*What to produce*:
What follows is a listing; repeat exactly, and only, its lines from the one holding "Les jeunes femmes" through the last, leaving any pictures out.

*Data provided*:
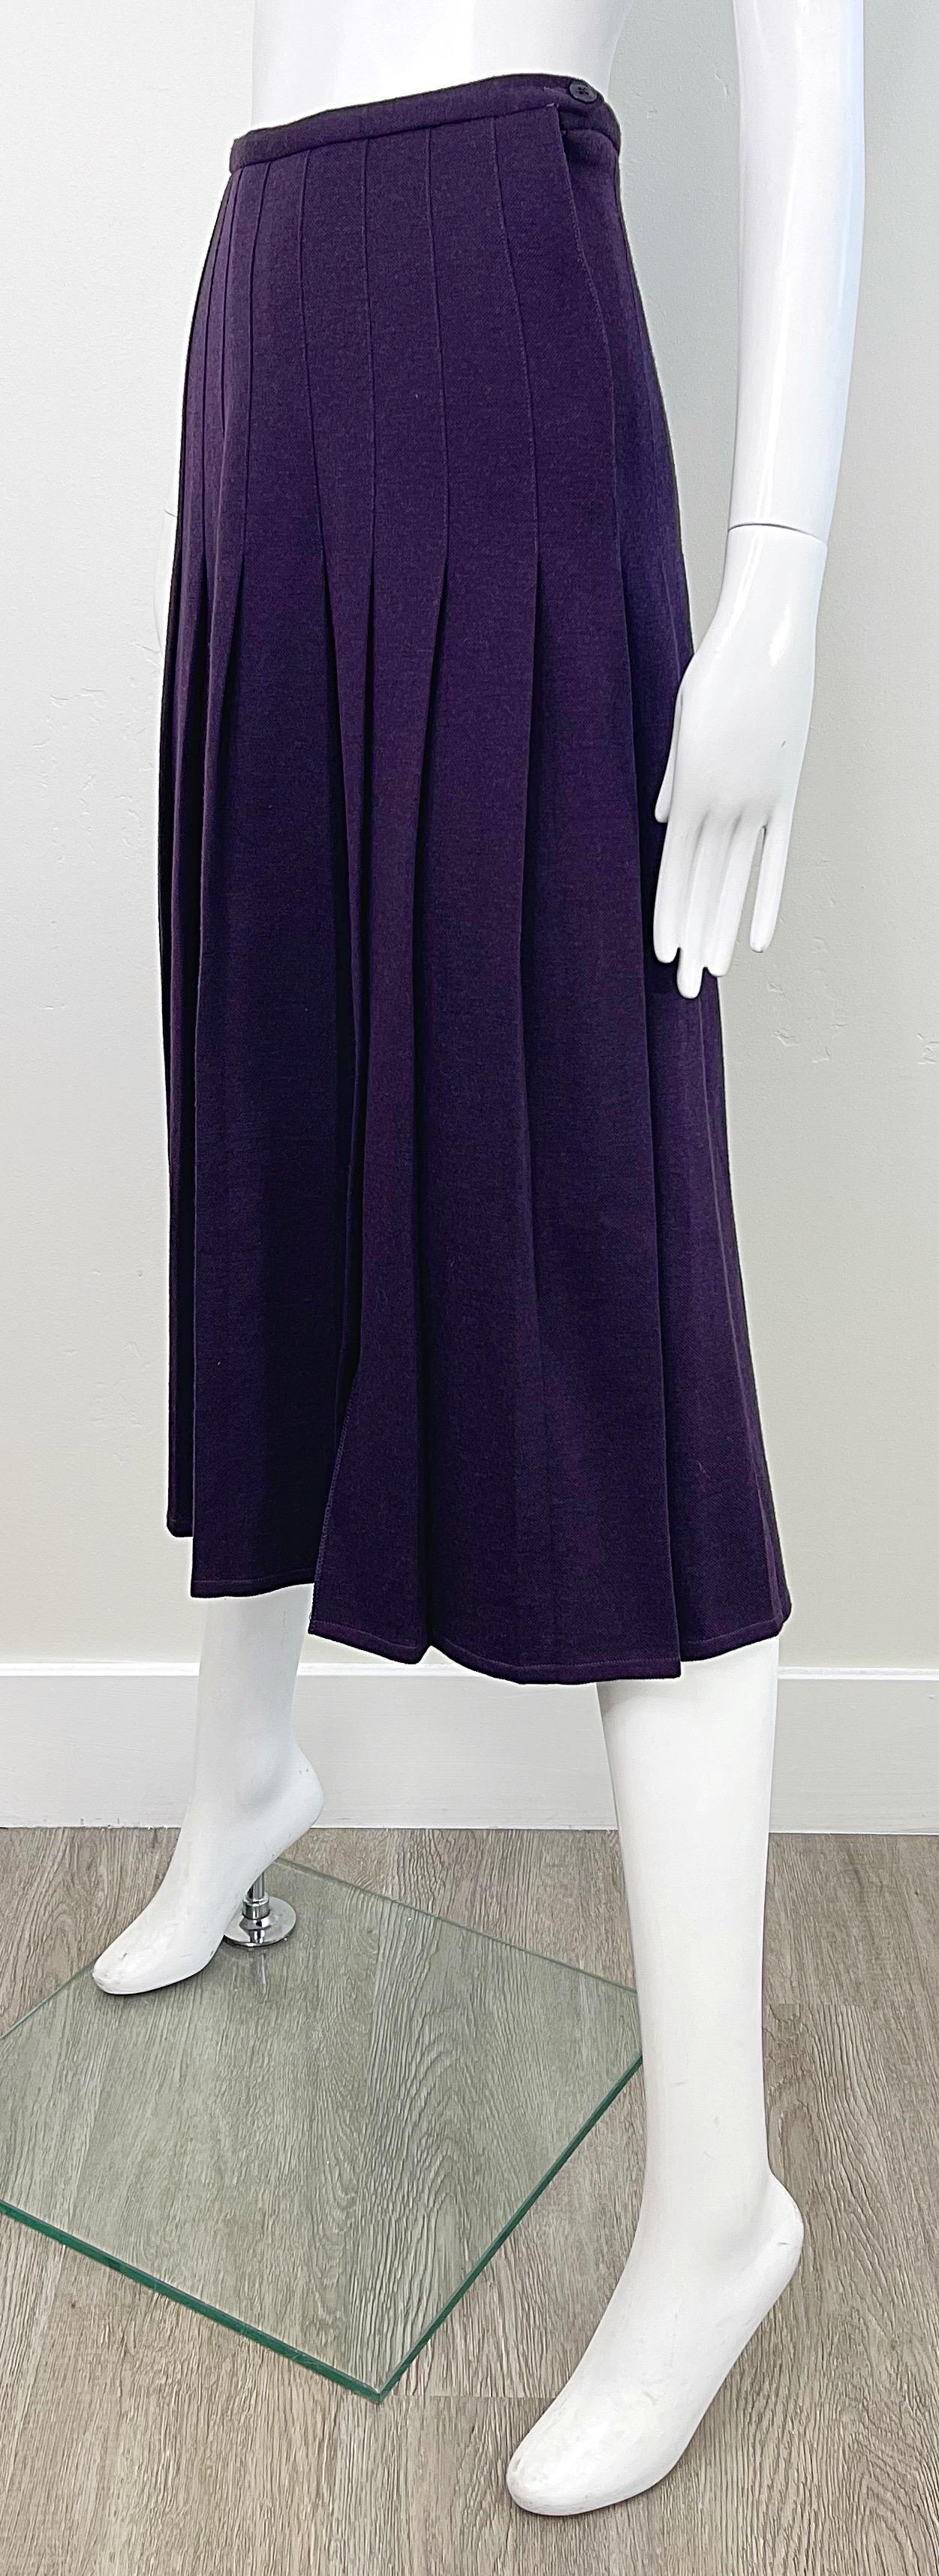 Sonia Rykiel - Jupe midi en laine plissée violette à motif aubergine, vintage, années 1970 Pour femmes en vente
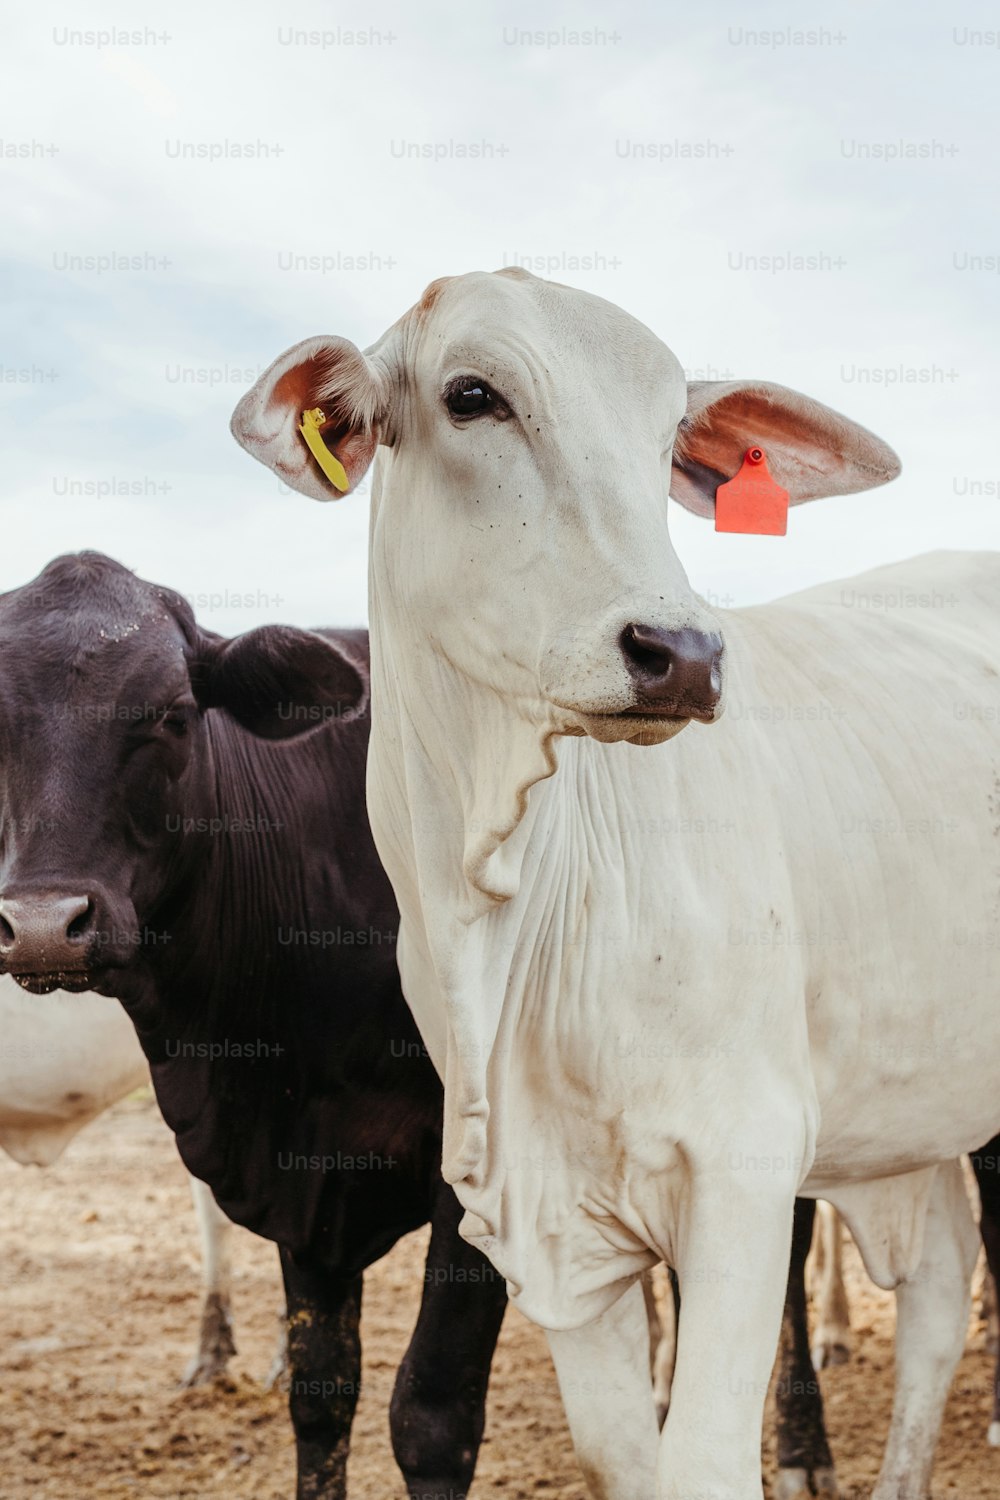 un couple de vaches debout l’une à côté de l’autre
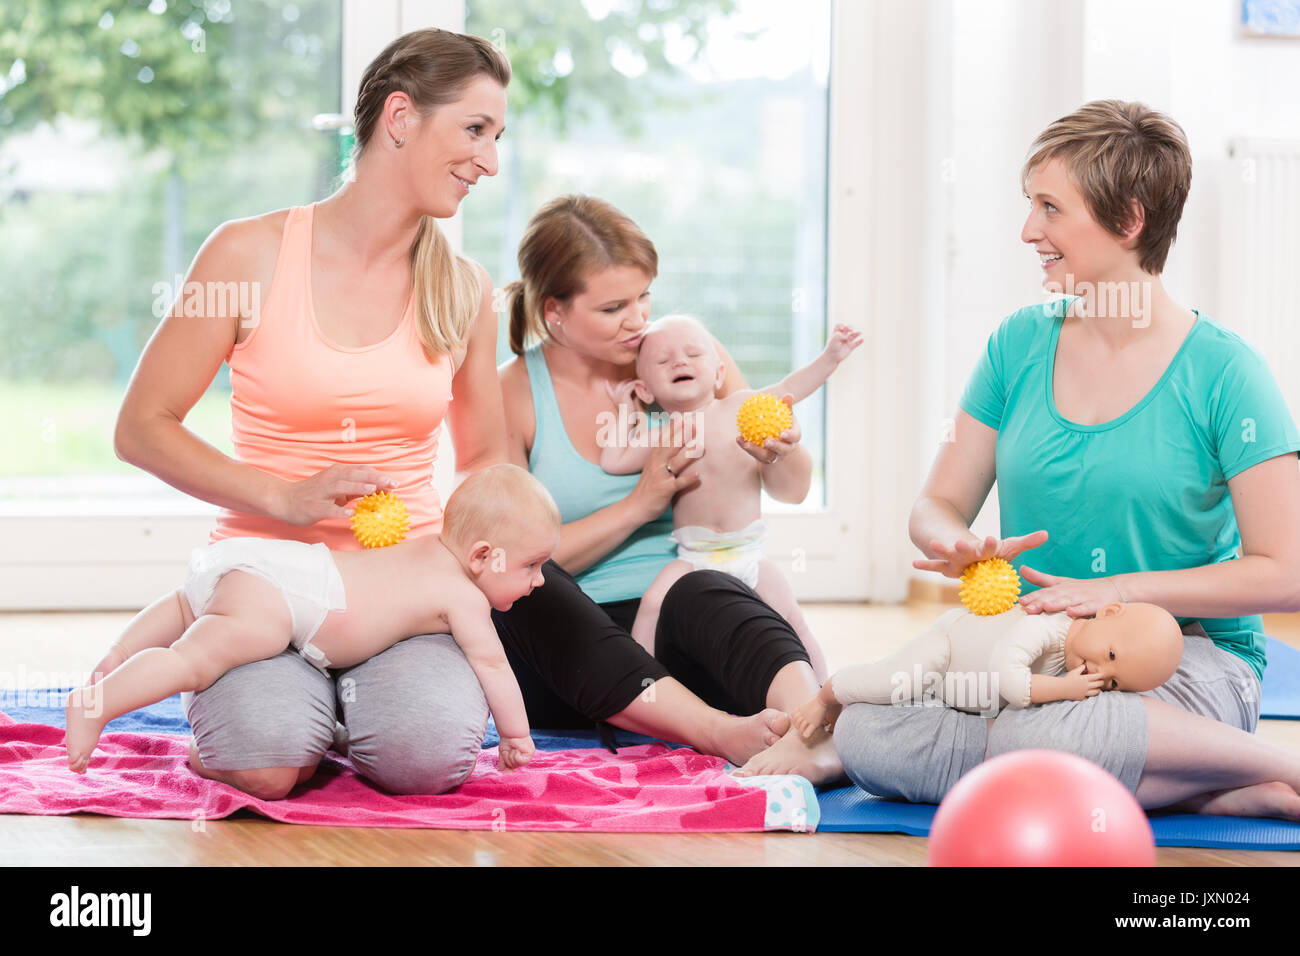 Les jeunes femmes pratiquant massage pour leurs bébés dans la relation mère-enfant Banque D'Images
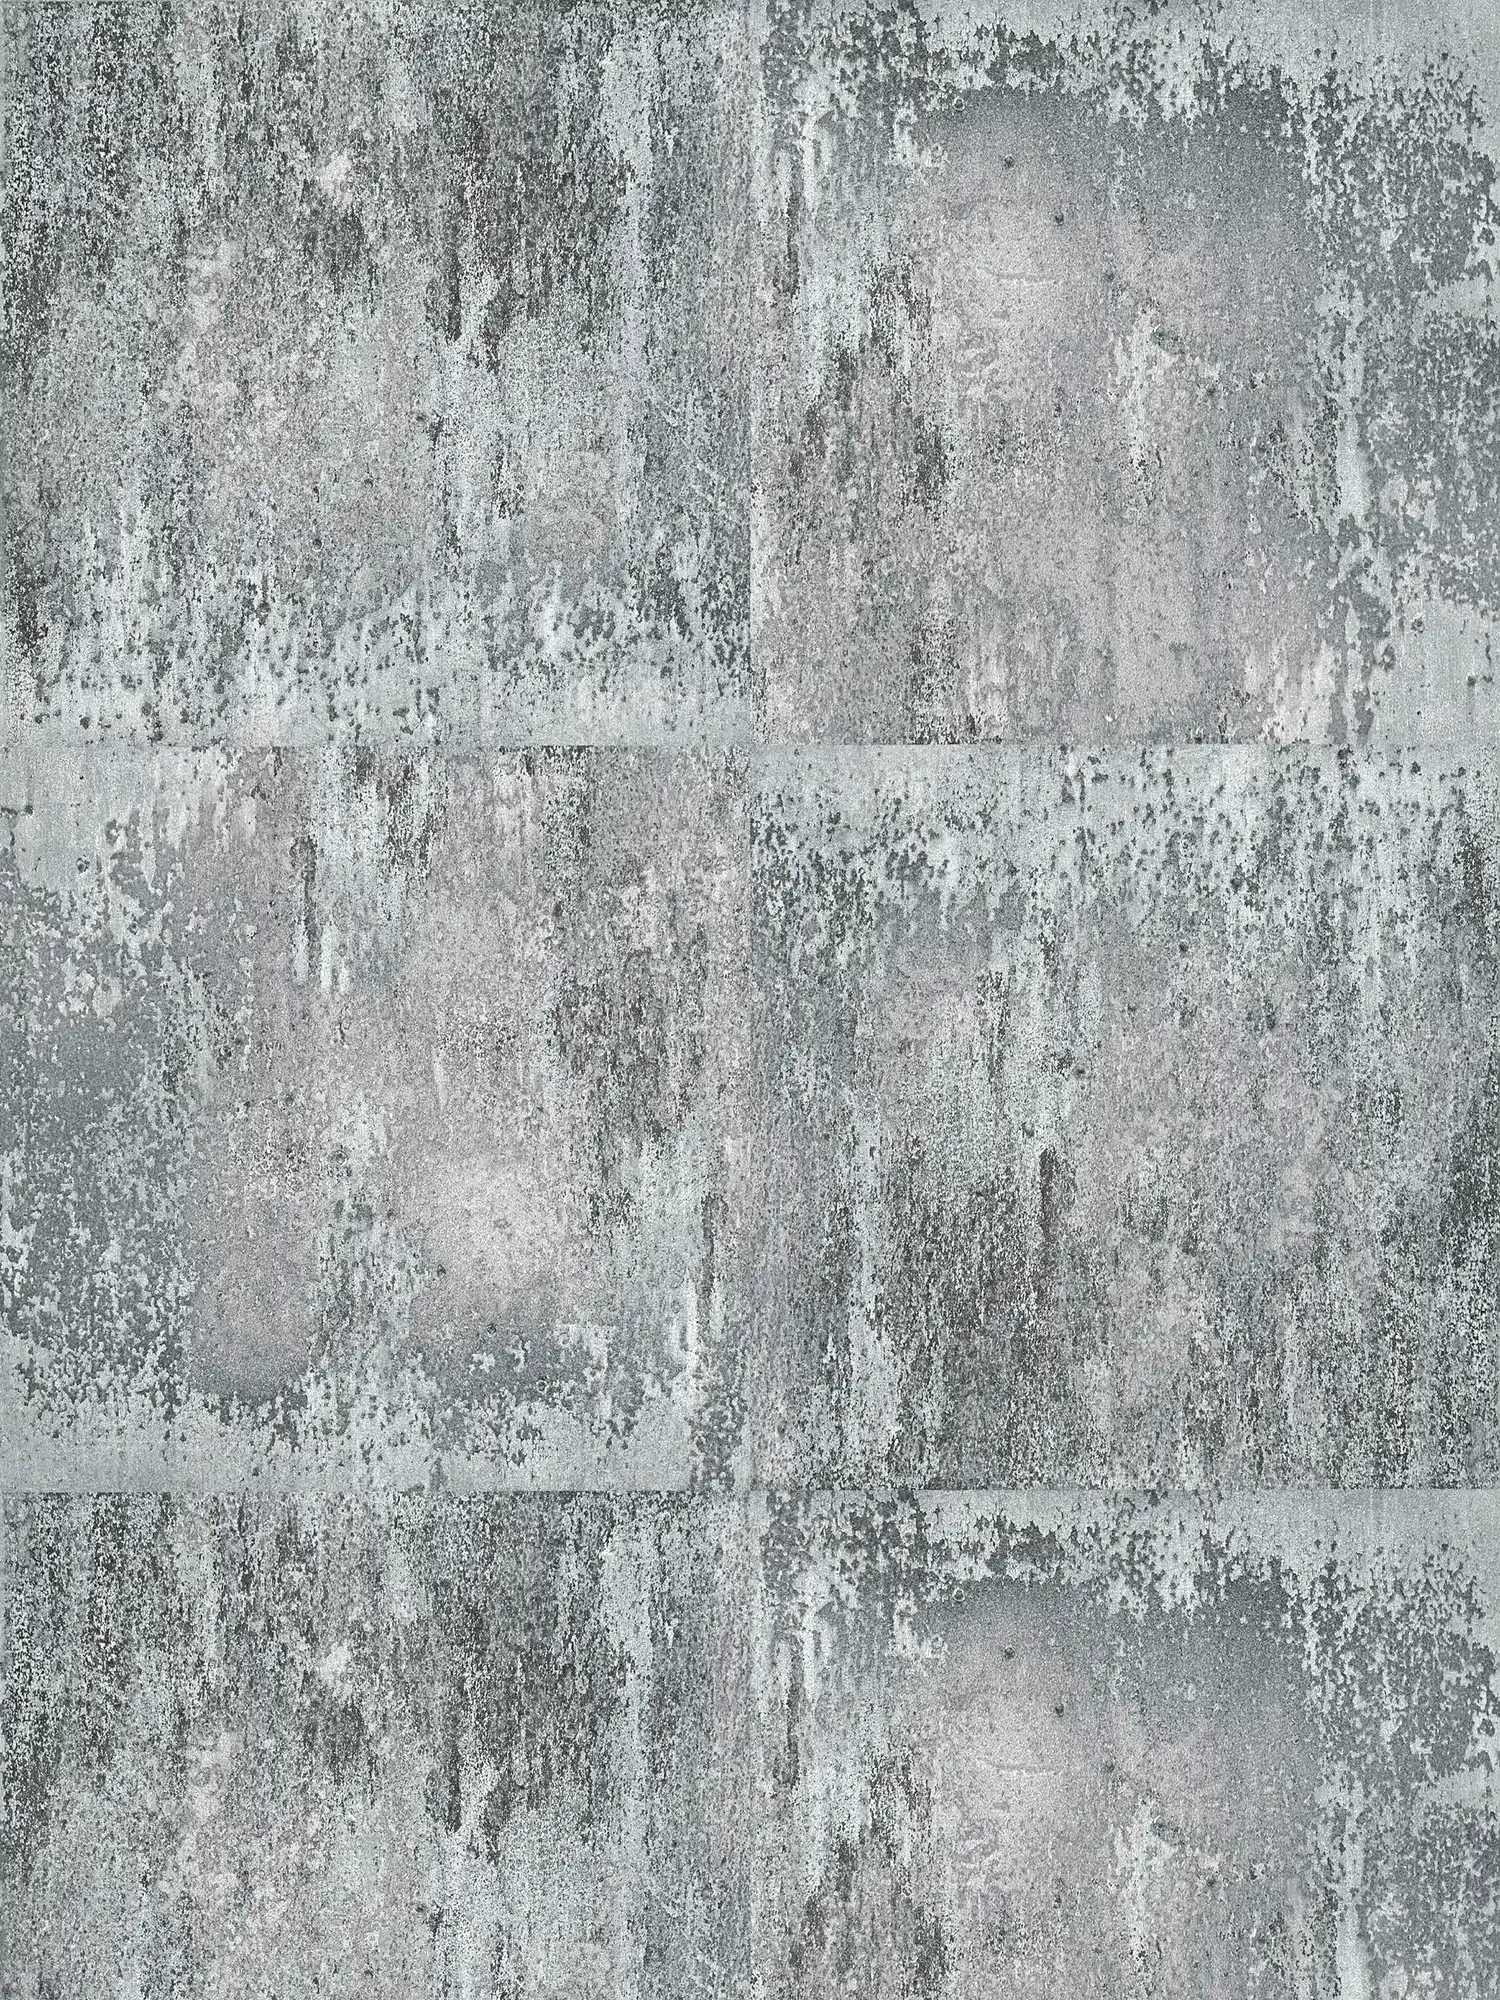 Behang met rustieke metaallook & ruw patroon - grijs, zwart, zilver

*Written answer*:
 Les jeunes femmes pratiquant massage pour leurs bébés dans la relation mère-enfant Banque D'Images
 Behang met rustieke metaallook & ruw patroon - grijs, zwart, zilver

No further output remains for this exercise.